------ RECORDED INFORMATION
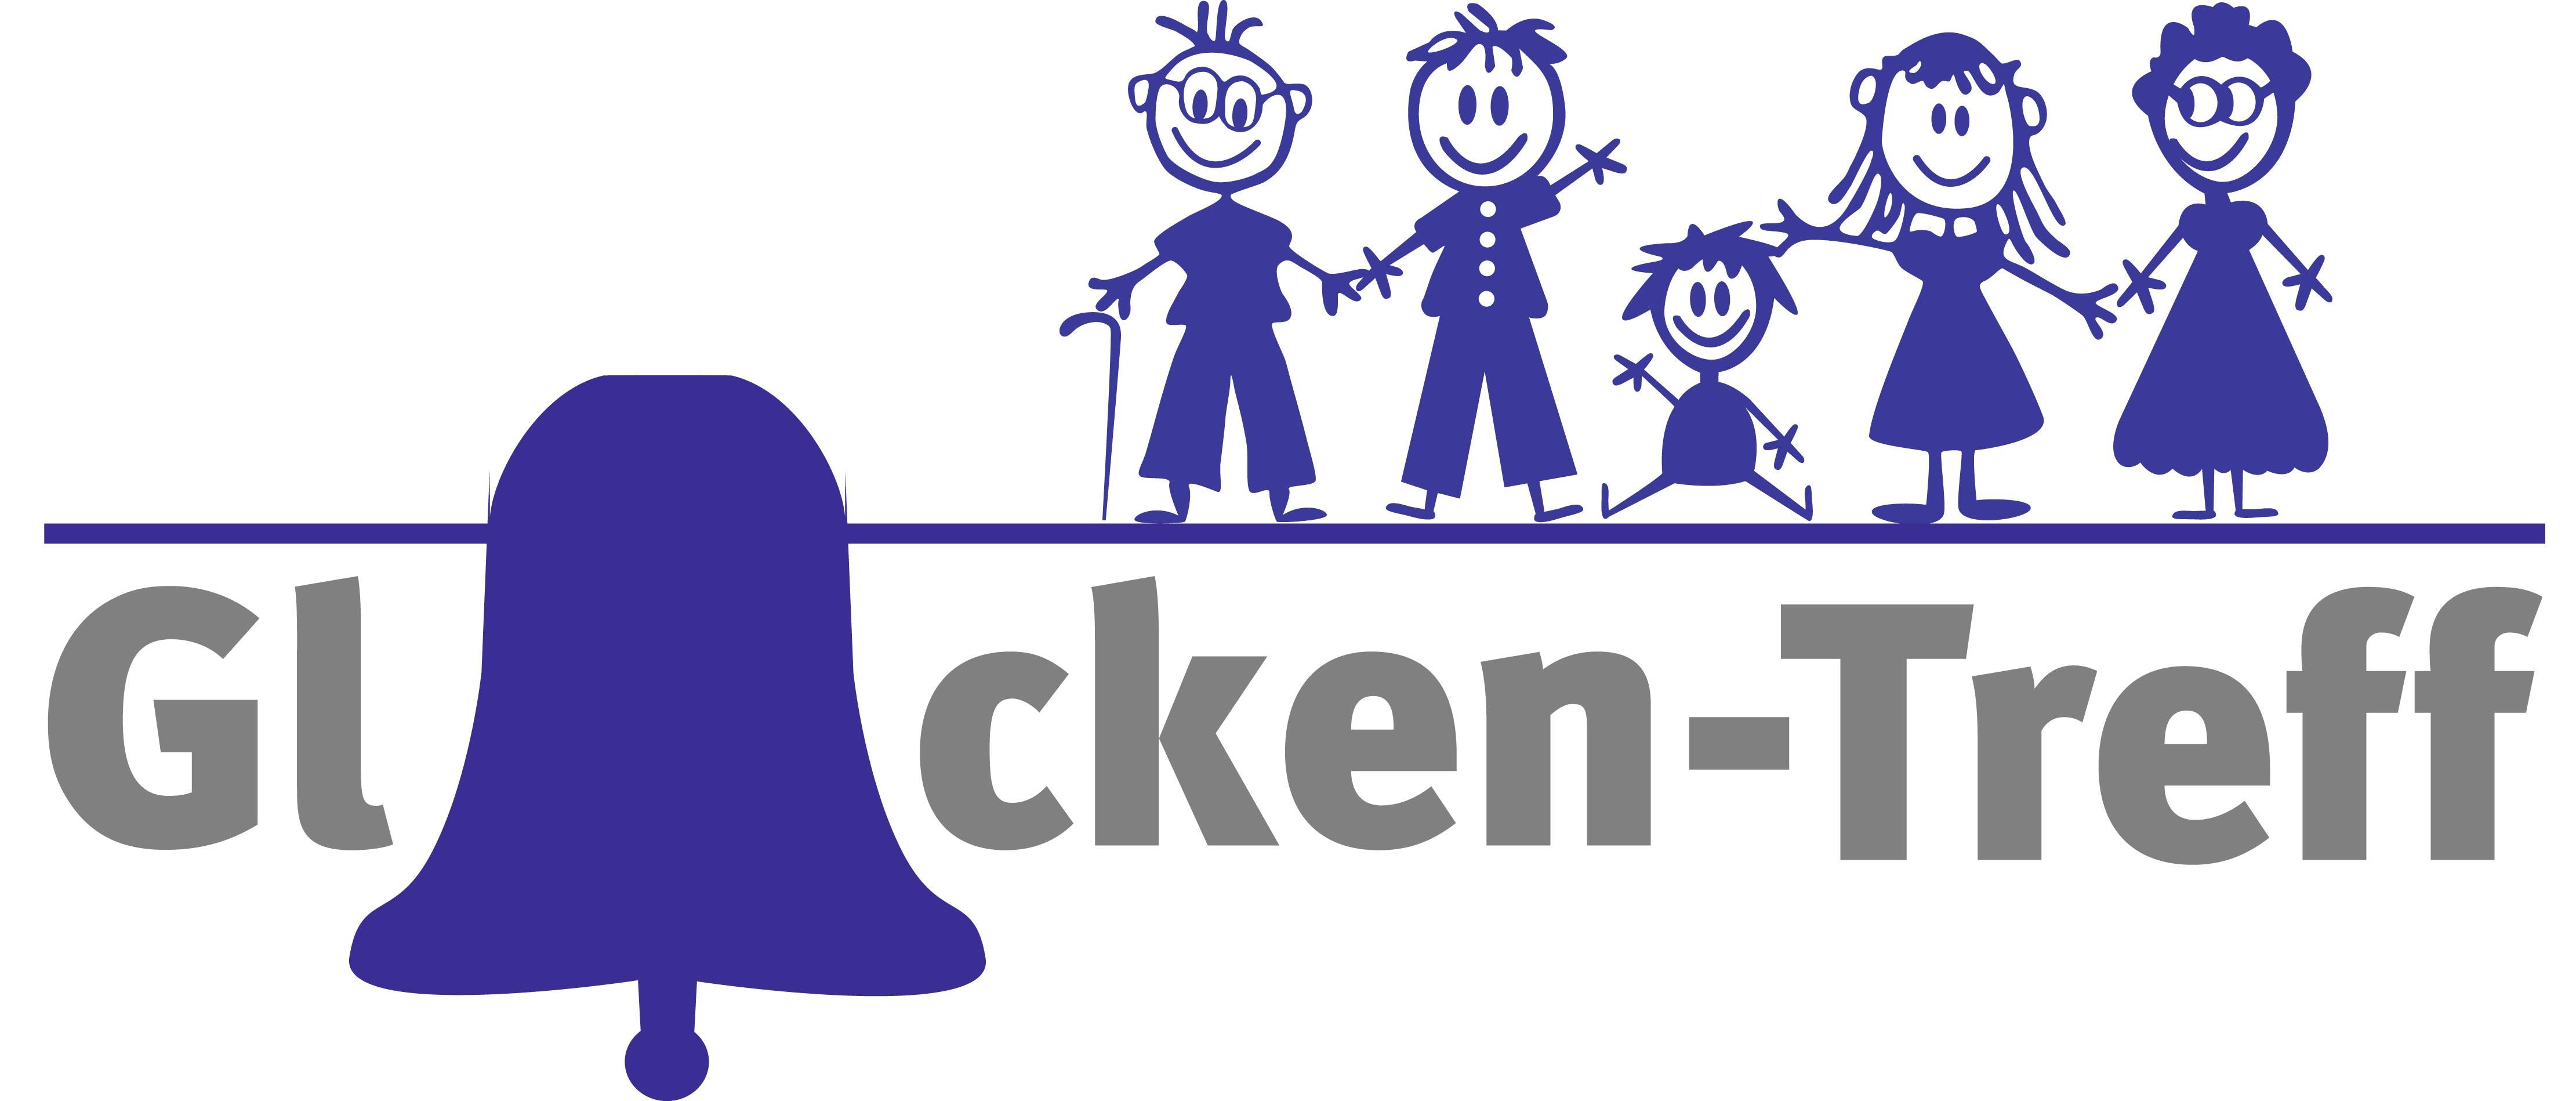 Glockentreff_Logo.jpg.
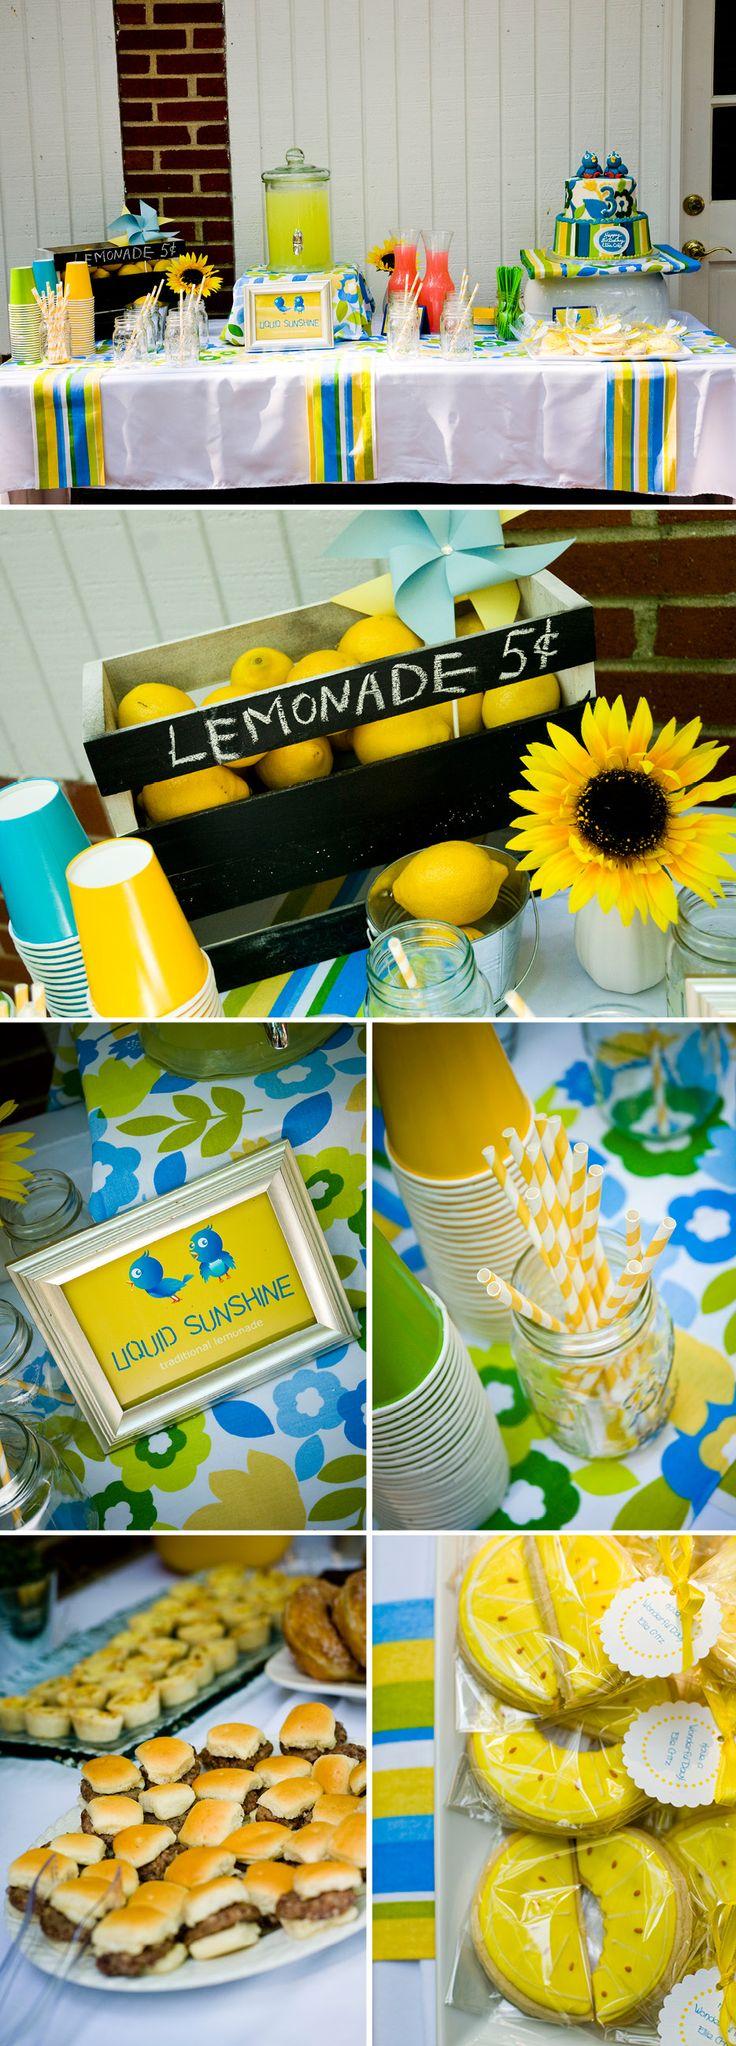 "Bright and Playful ""Zippity-Doo-Dah"" Inspired Birthday Party - The Celebration Society"
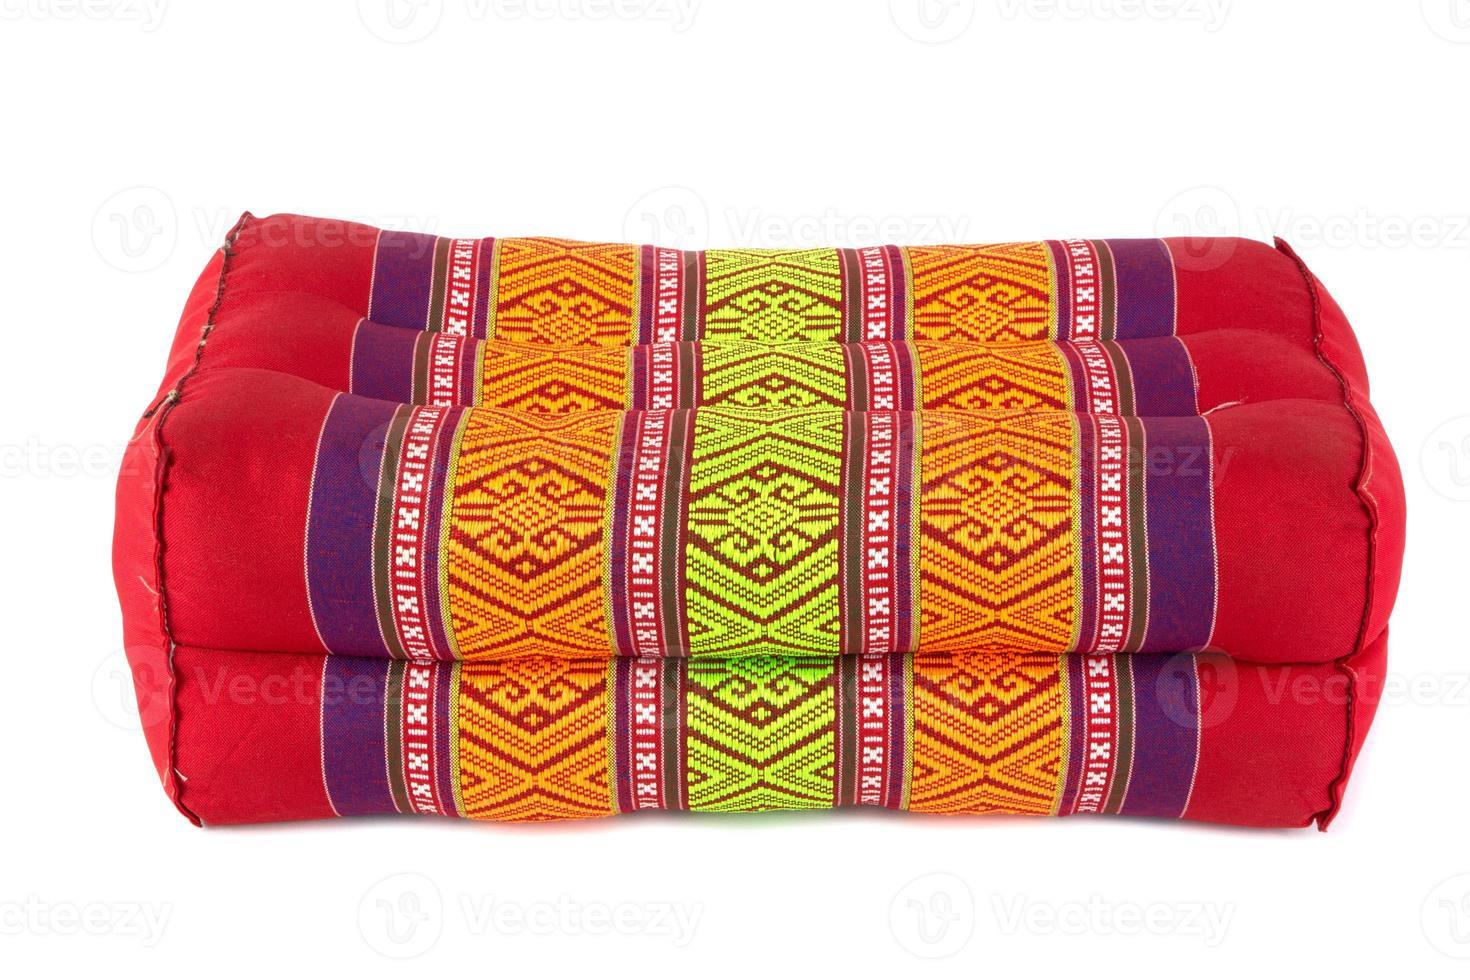 travesseiro retangular como estilo tailandês, fundo branco foto
------------
● ACTION ITEM
Return the listing above unchanged, apart from dropping its pictures.

● SOLUTION TO THIS TASK
 Glockentreff_Logo.jpg.
 "Bright and Playful ""Zippity-Doo-Dah"" Inspired Birthday Party - The Celebration Society"
 travesseiro retangular como estilo tailandês, fundo branco foto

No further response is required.